EX-5.1 2 e3866_ex5-1.htm EXHIBIT 5.1

 

 

 

 Exhibit 5.1

 

 

 

 

June 29, 2022

 

Kaival Brands Innovations Group, Inc.

4460 Old Dixie Highway

Grant, Florida 32949

Dear Ladies and Gentlemen:

 

We have acted as counsel to Kaival Brands Innovations Group, Inc., a Delaware corporation (the “Company”), in connection with the filing of a Registration Statement on Form S-8 (the Registration Statement”), with the U.S. Securities and Exchange Commission (the Commission”) under the Securities Act of 1933, as amended (the “Securities Act”).
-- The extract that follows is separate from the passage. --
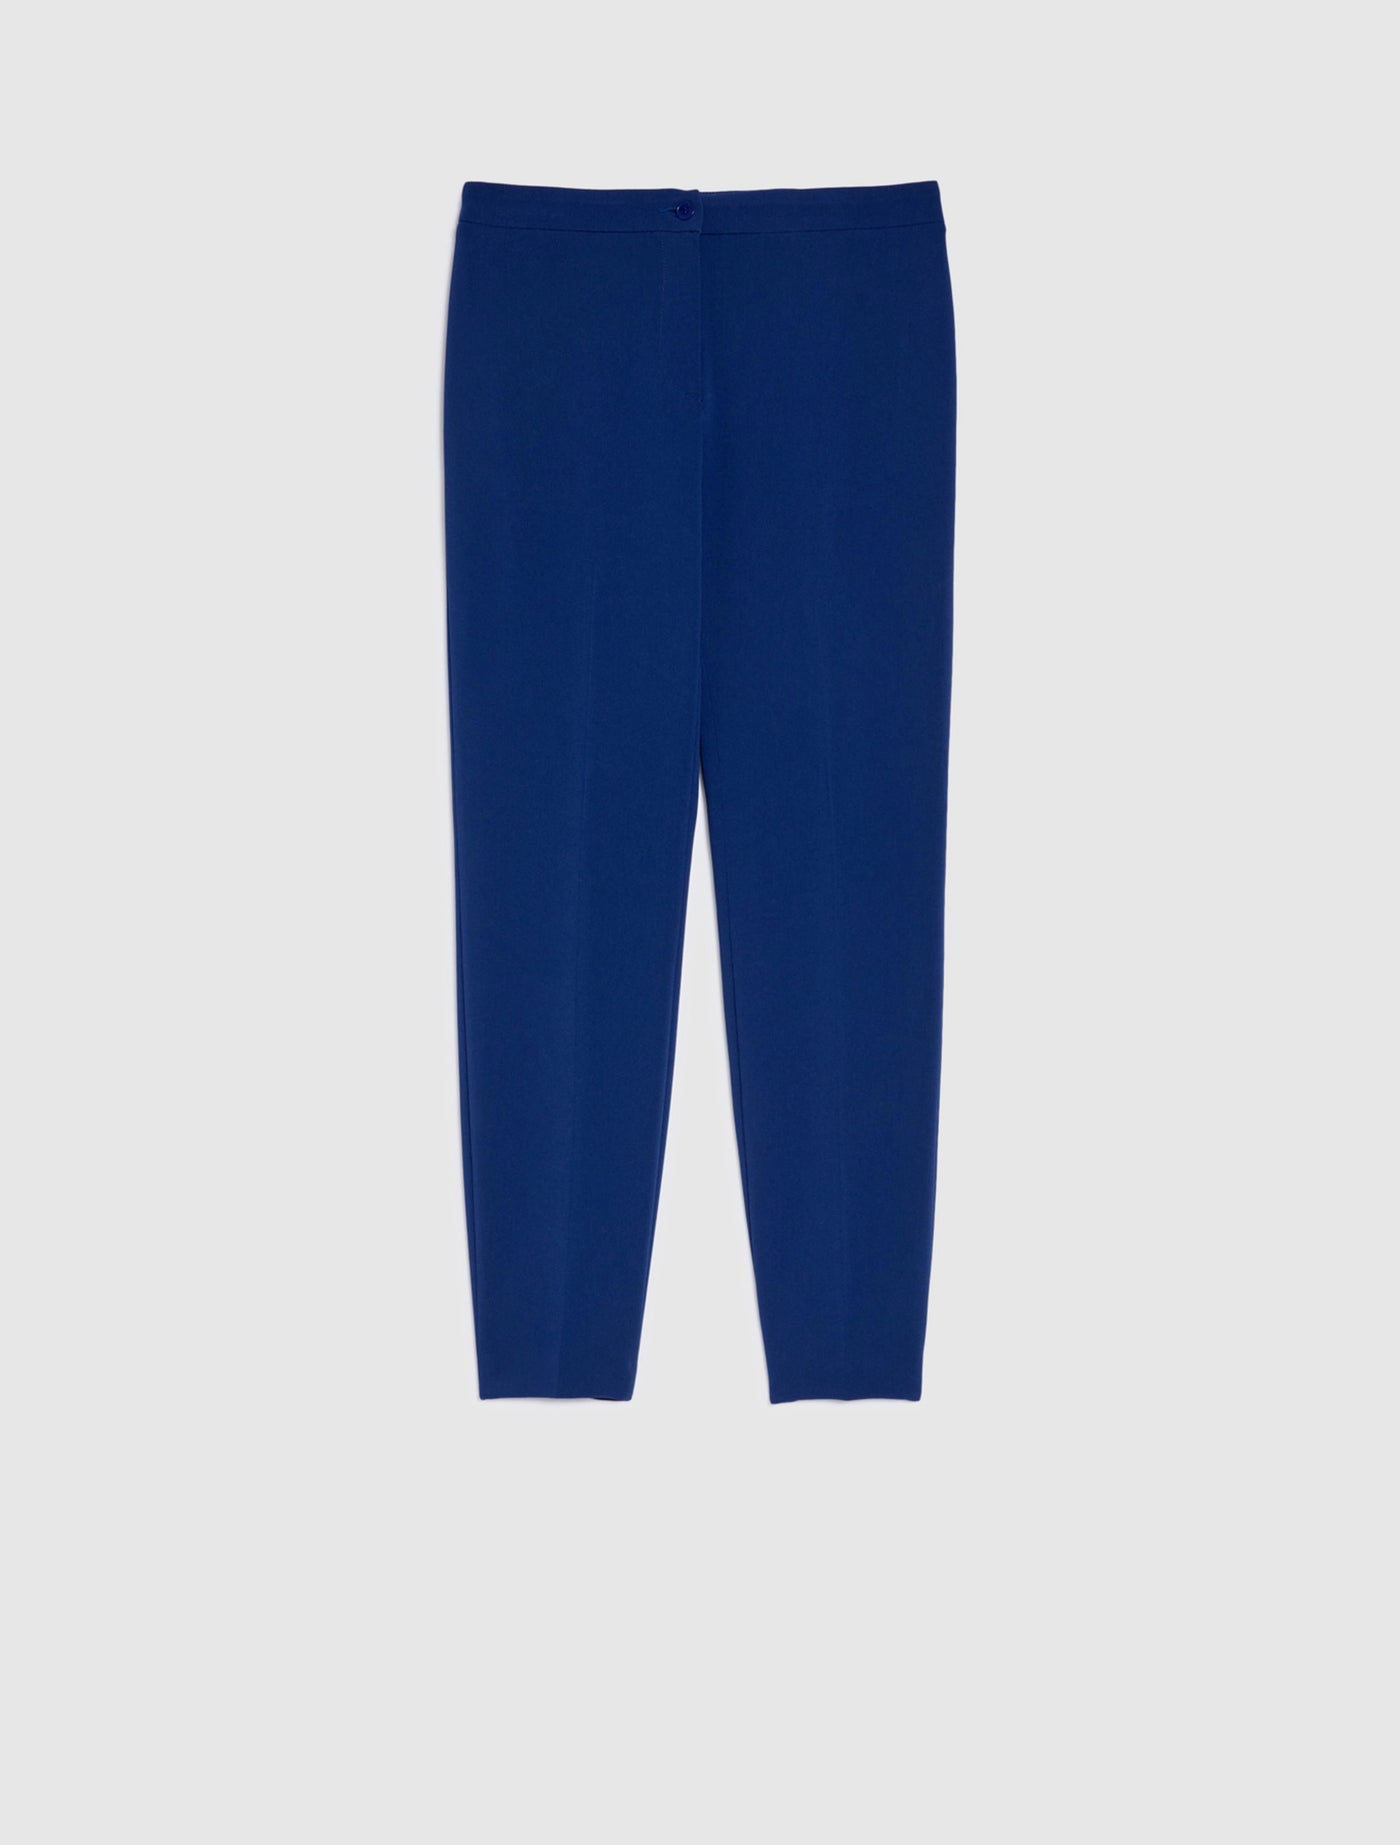 Penny Black Cigarette Trousers | Midnight Blue

The Registration Statement relates to the registration of the following shares of common stock, $0.01 par value (the “Common Stock”): (i) 11,513,153 shares of Common Stock (the “2020 Plan Shares”) reserved for issuance under the Company’s Amended and Restated 2020 Stock and Incentive Compensation Plan (the “Plan”); (ii) 3,052,265 shares of Common Stock (the “2020 Option Shares”; and, together with the 2020 Plan Shares, the “Primary Shares”) issuable upon the exercise of stock options (the “Options”) previously granted under the Plan; and (iii) 301,689]shares of Common Stock (collectively, the “Resale Shares”), which includes shares previously issued under the Plan the Company is registering for resale on behalf of certain selling stockholders described in the prospectus included in the Registration Statement (the “Prospectus”).

 

In rendering this opinion, we have assumed without independent verification: (i) the genuineness and authenticity of all signatures on original documents; (ii) the authenticity of all documents submitted to us as originals; (iii) the conformity to originals of all documents submitted to us as copies; (iv) the accuracy, completeness and authenticity of certificates of public officials; (v) that each natural person signing any document reviewed by us had the legal capacity to do so; and (vi) the due authorization, execution, and delivery of all documents where authorization, execution, and delivery are prerequisites to the effectiveness of such documents. As to various questions of fact relevant to this opinion, we have relied, without independent investigation, upon the documents we have reviewed, certificates of public officials, the representations, warranties, and statements of fact of the Company in the Registration Statement and a Secretary’s Certificate of an officer of the Company, all of which we assume to be true, correct and complete.

 

Based on the foregoing, and subject to the further limitations, qualifications and assumptions set forth herein, we are of the opinion that:

 

 

 

 
 

 

Kaival Brands Innovations Group, Inc.

June 29, 2022

Page 2

 

1.           The Primary Shares have been duly authorized for issuance and sale pursuant to the Plan by all necessary corporate action of the Company, and when issued as provided by the applicable provisions of the Plan, and pursuant to the agreements that accompany the Plan, such Primary Shares will be validly issued, fully paid, and nonassessable.

 

2.           The Resale Shares have been duly authorized and are validly issued, fully paid, and nonassessable.

 

Our opinion herein is expressed solely with respect to the laws of the State of Delaware. Our opinion is based on these laws as in effect on the date hereof. We express no opinion as to whether the laws of any other jurisdictions are applicable to the subject matter hereof.

 

In addition, the foregoing opinions are qualified to the extent that (i) enforceability may be limited by an be subject to general principles of equity, regardless of whether such enforceability is considered in a proceeding in equity or at law (including, without limitation, consents of notice and materiality), and by bankruptcy, insolvency, reorganization, moratorium, and other similar laws affecting creditors’ and debtors’ rights generally (including, without limitation, any state or federal law in respect of fraudulent transfers); and (ii) no opinion is expressed herein as to compliance with or the effect of federal or state securities or blue sky laws.

 

This opinion letter and the opinion expressed herein are for your benefit in connection with the Registration Statement and may be relied upon by you and by persons entitled to rely upon it pursuant to the applicable provisions of the Securities Act. We hereby consent to the filing of this opinion as an exhibit to the Registration Statement and to the reference to our firm under the caption “Legal Matters” in the Prospectus. In giving such consent, we do not thereby admit that we are experts with respect to any part of the Registration Statement or the Prospectus, within the meaning of the term “expert,” as used in Section 11 of the Securities Act, or the rules and regulations promulgated thereunder, nor do we admit that we are in the category of persons whose consent is required under Section 7 of the Securities Act, or the rules and regulations of the Commission promulgated thereunder. Our opinions are expressly limited to the matters set forth above, and we render no opinion, whether by implication or otherwise, as to any other matters relating to the Company, the Primary Shares, the Resale Shares, or the Registration Statement. The opinions are expressed as of the date hereof, and we disclaim any undertaking to advise you of any subsequent changes in the facts stated or assumed herein or of any subsequent changes in applicable law.